Material provided.

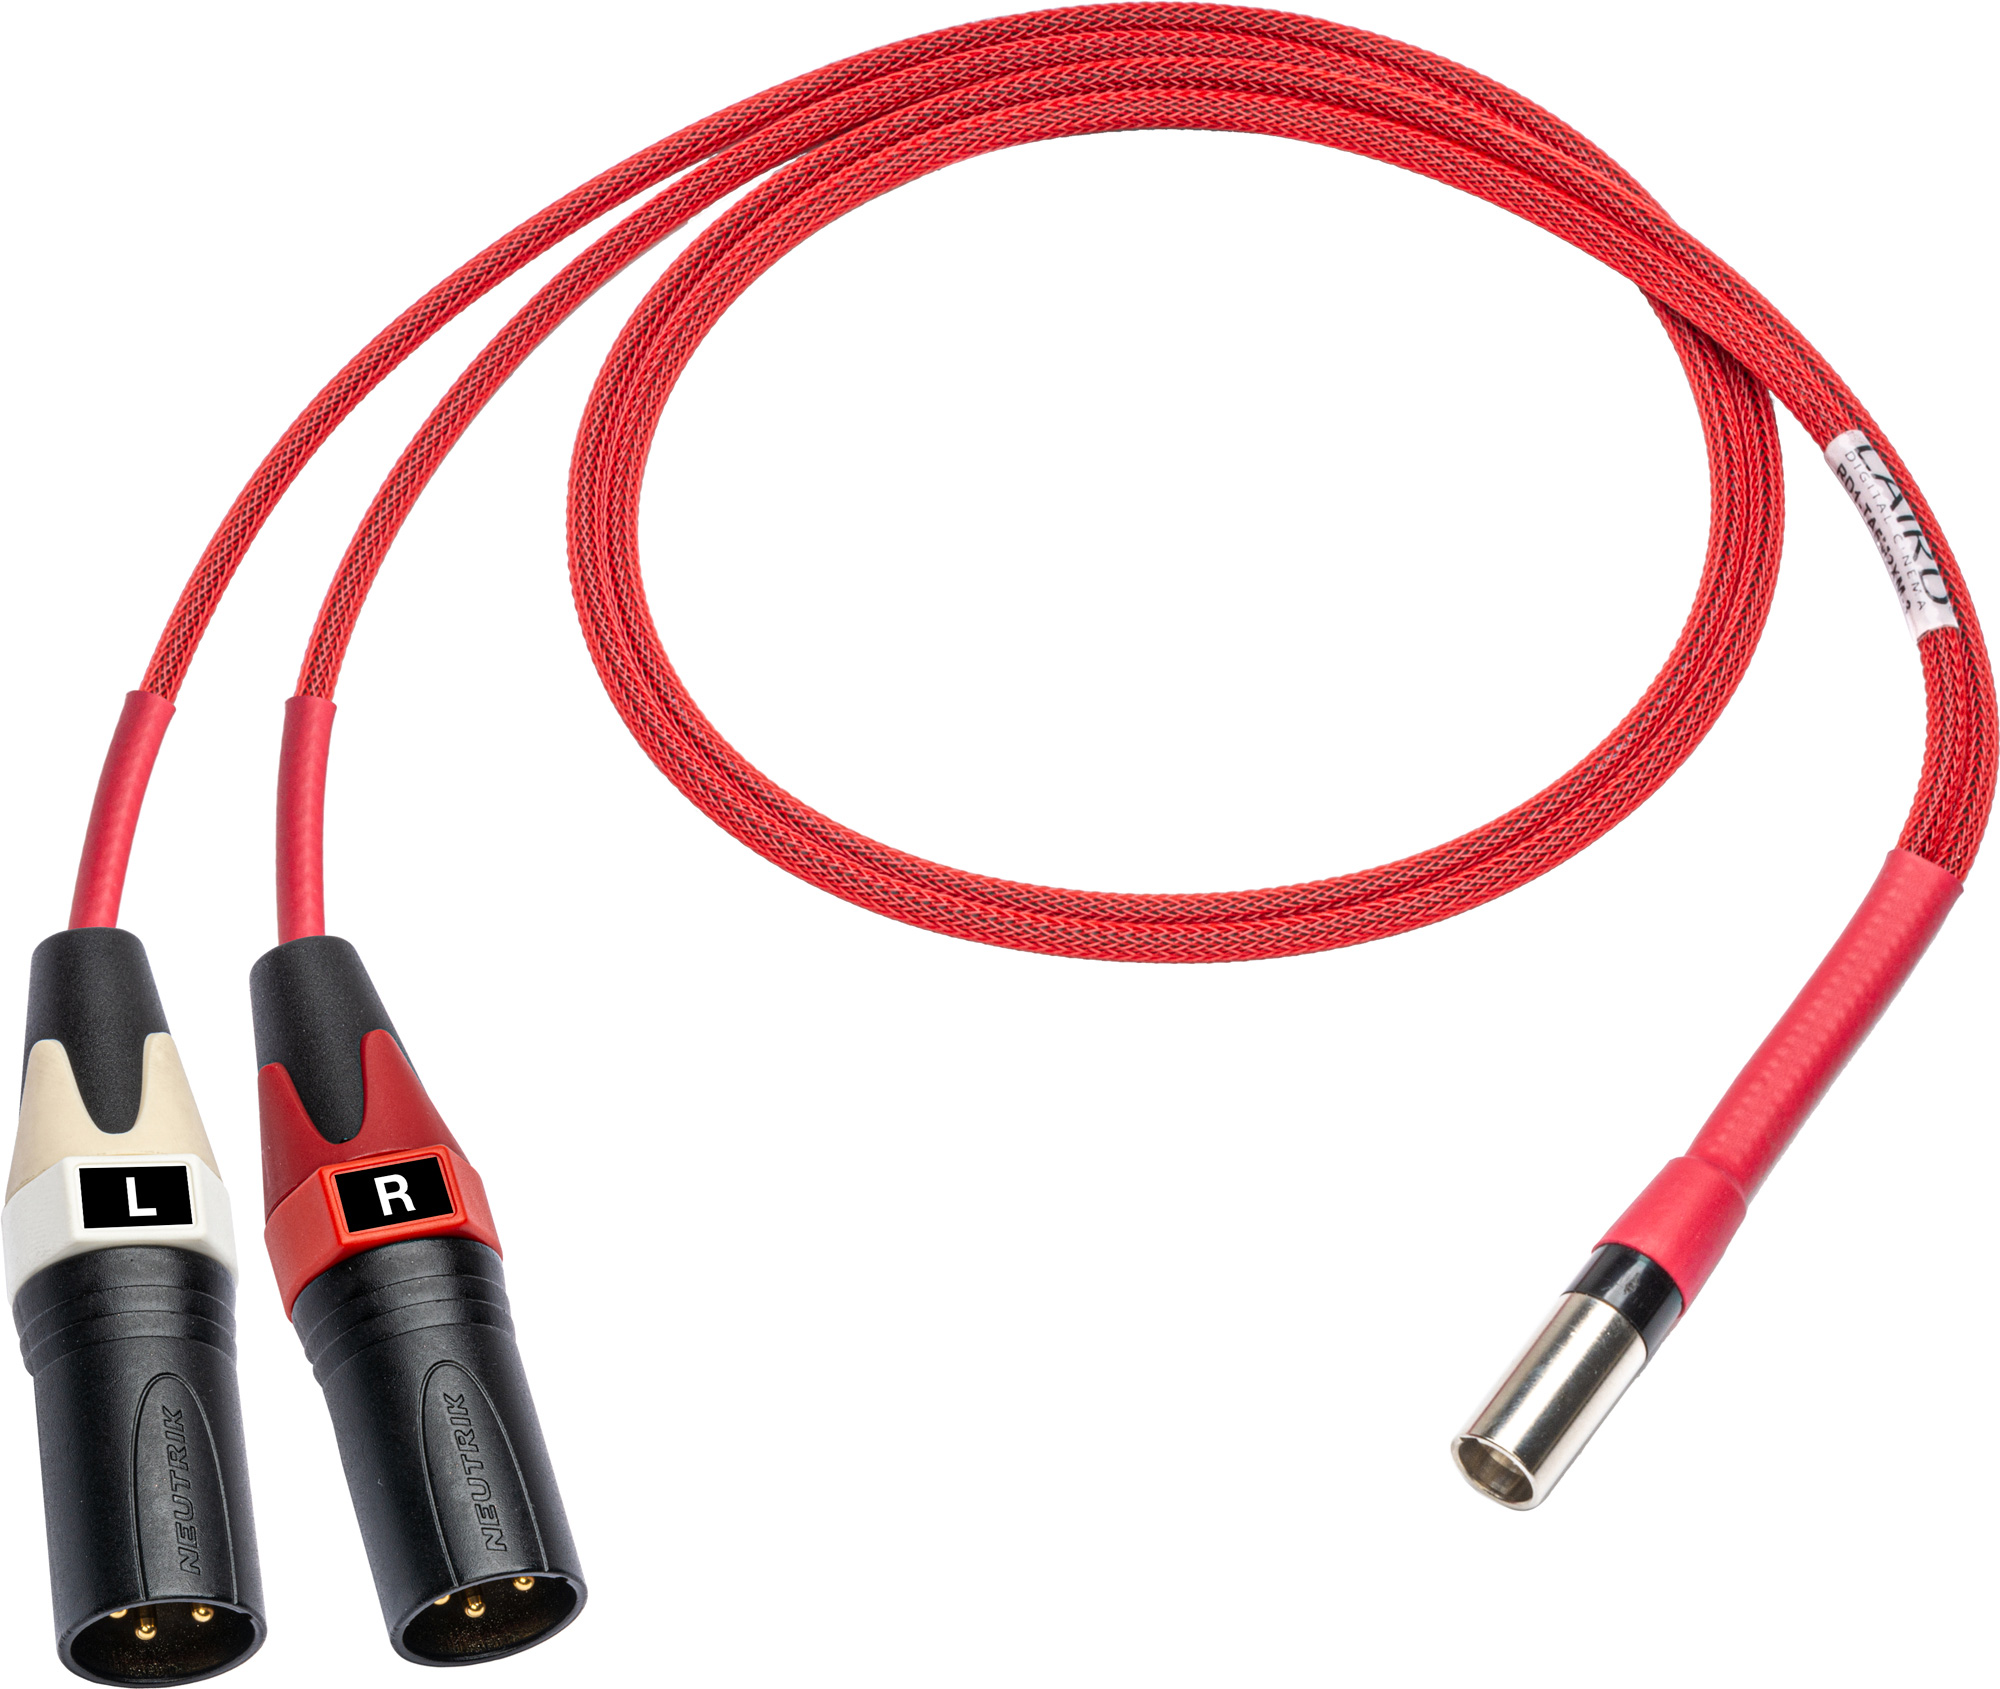 Laird RD1-TA5M2XM-18IN Line Audio Out Breakout for Red One Camera 5-Pin Mini XLR Male to Dual 3-Pin XLR Male - 18 Inch
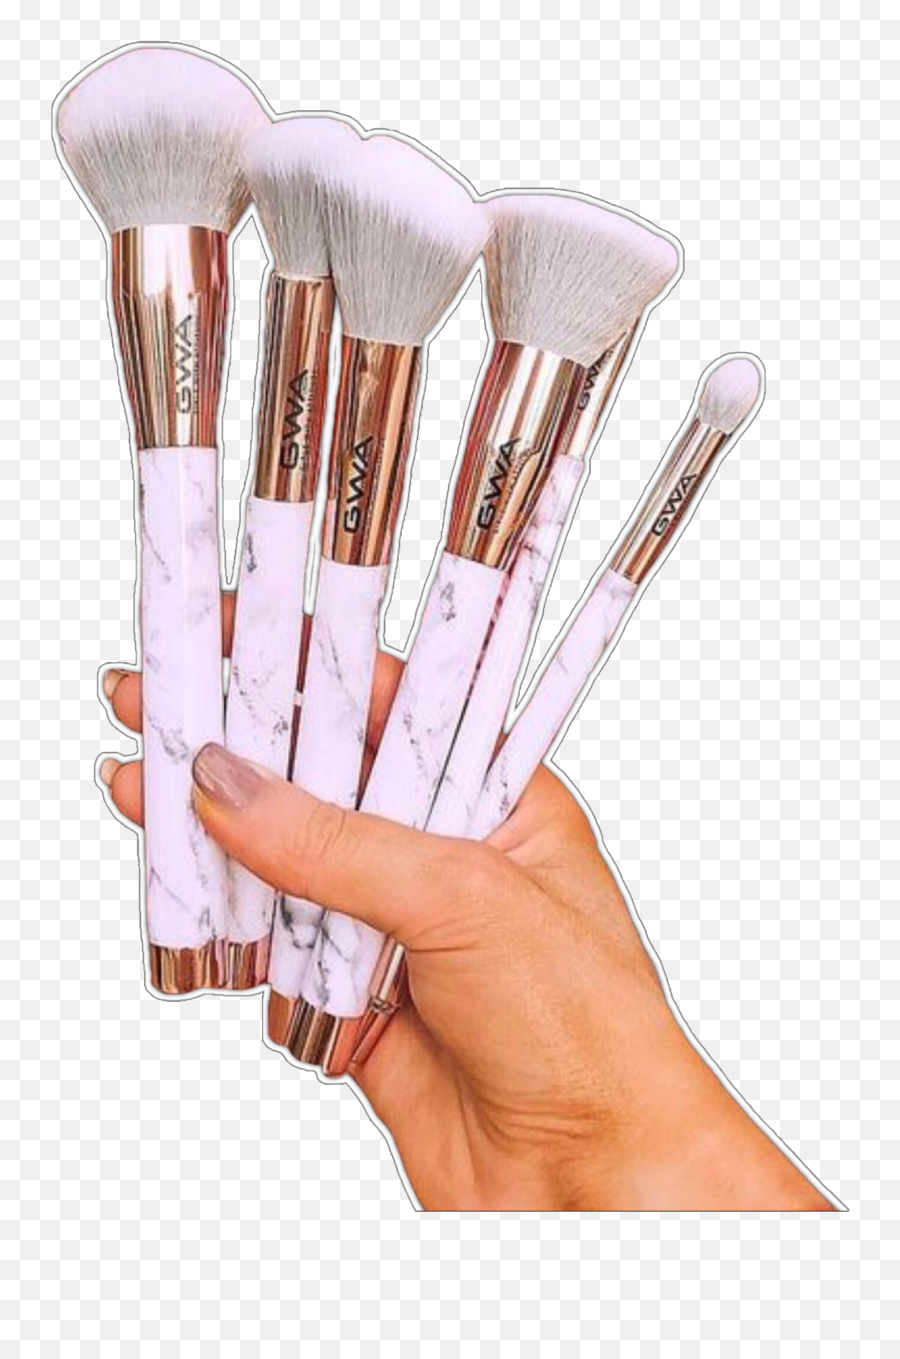 Png Pngs Makeup Brushes Nichememes Freetoedit - Makeup Brushes In Hand Emoji,Makeup Emoji Png
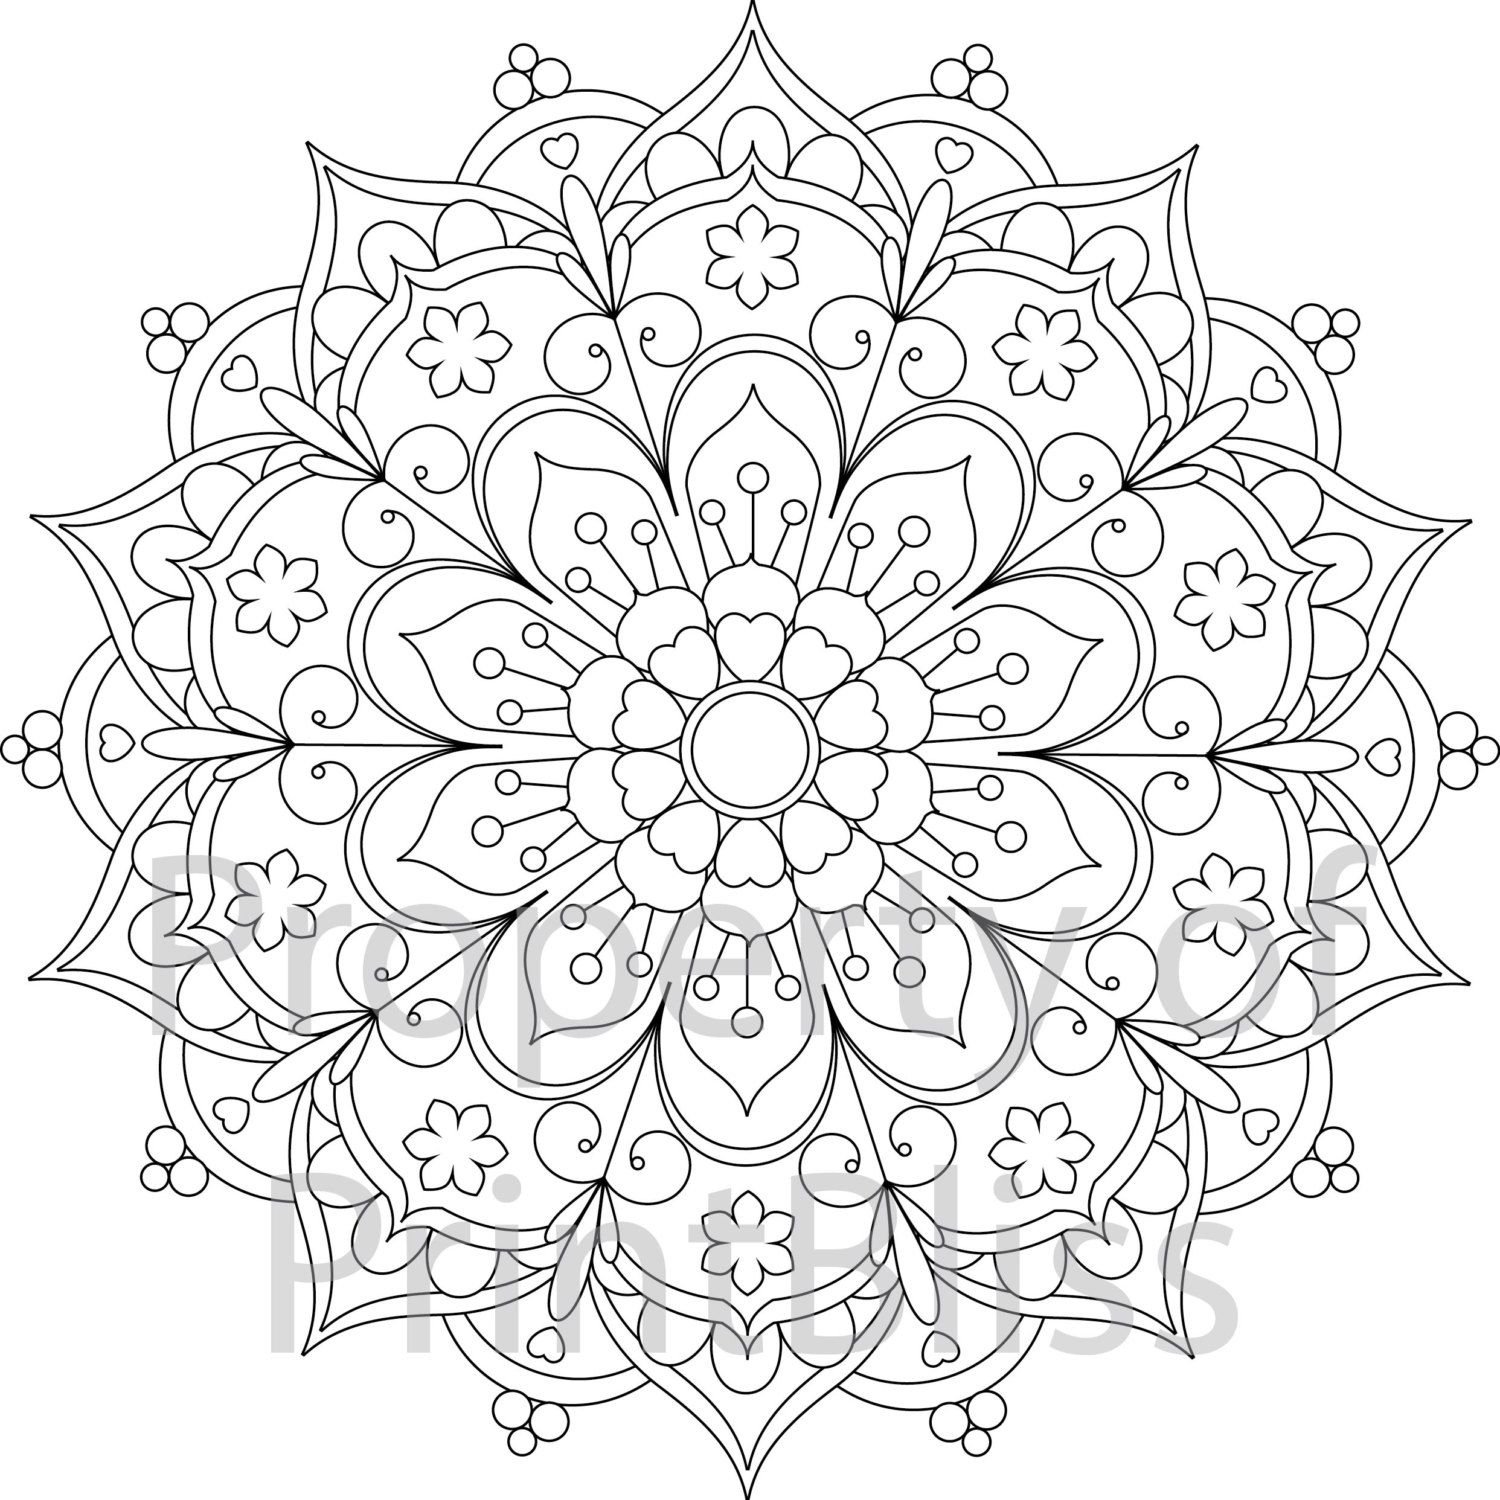 Flower mandala coloring pages printable for free download
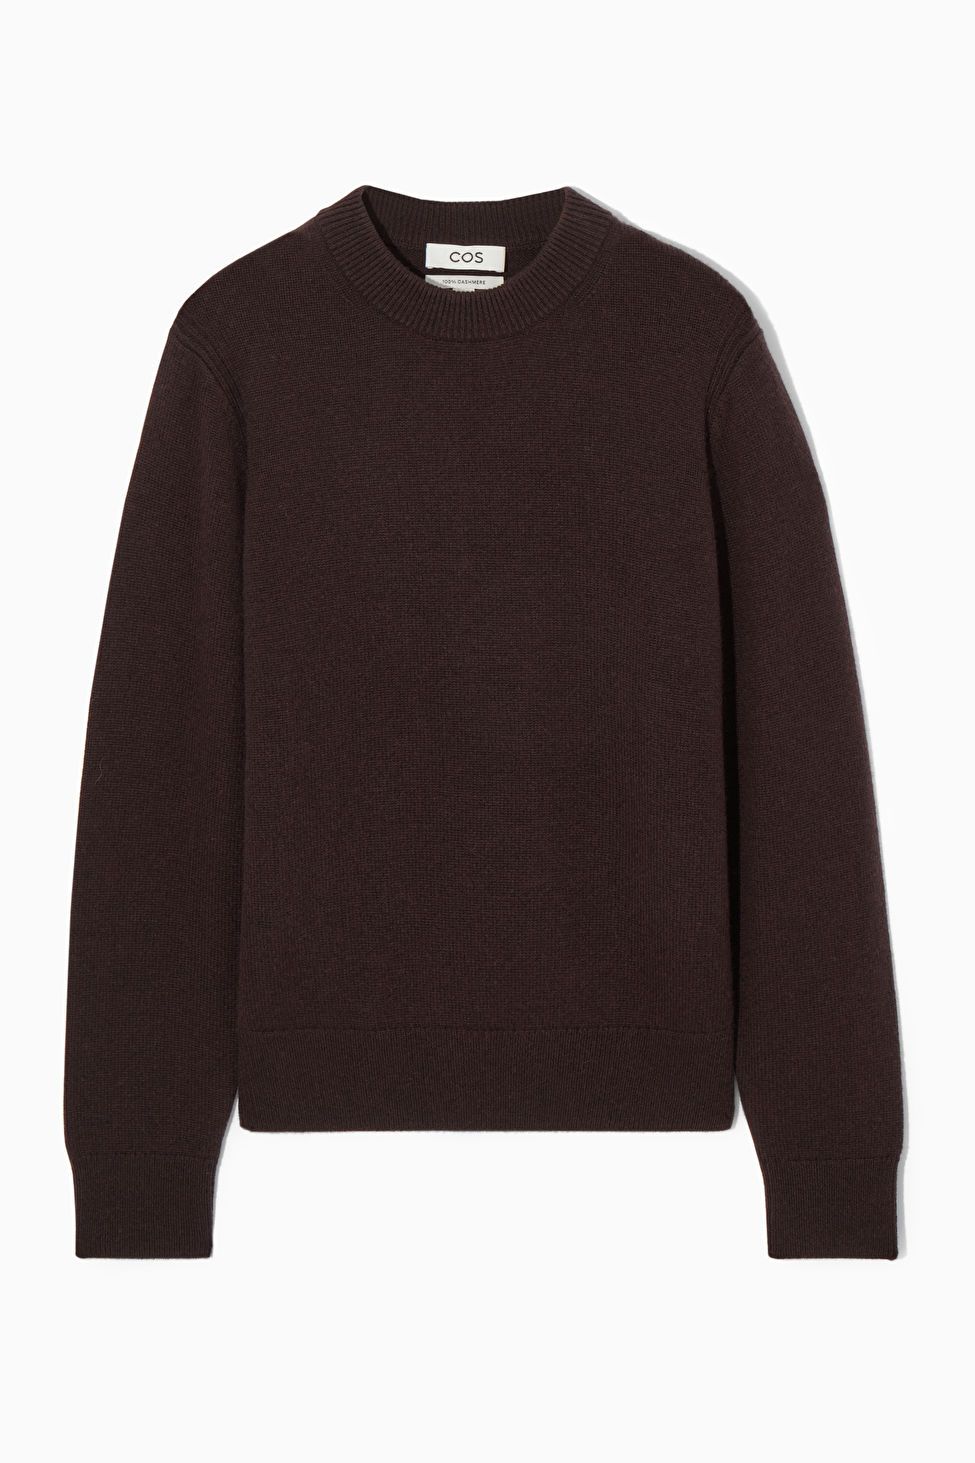 PURE CASHMERE SWEATER - DARK BROWN - Tops - COS | COS (US)

Requirement. Retype all the data exactly, please, without pictures.

Answer box.
 Laird RD1-TA5M2XM-18IN Line Audio Out Breakout for Red One Camera 5-Pin Mini XLR Male to Dual 3-Pin XLR Male - 18 Inch
 Png Pngs Makeup Brushes Nichememes Freetoedit - Makeup Brushes In Hand Emoji,Makeup Emoji Png
 Flower mandala coloring pages printable for free download
 PURE CASHMERE SWEATER - DARK BROWN - Tops - COS | COS (US)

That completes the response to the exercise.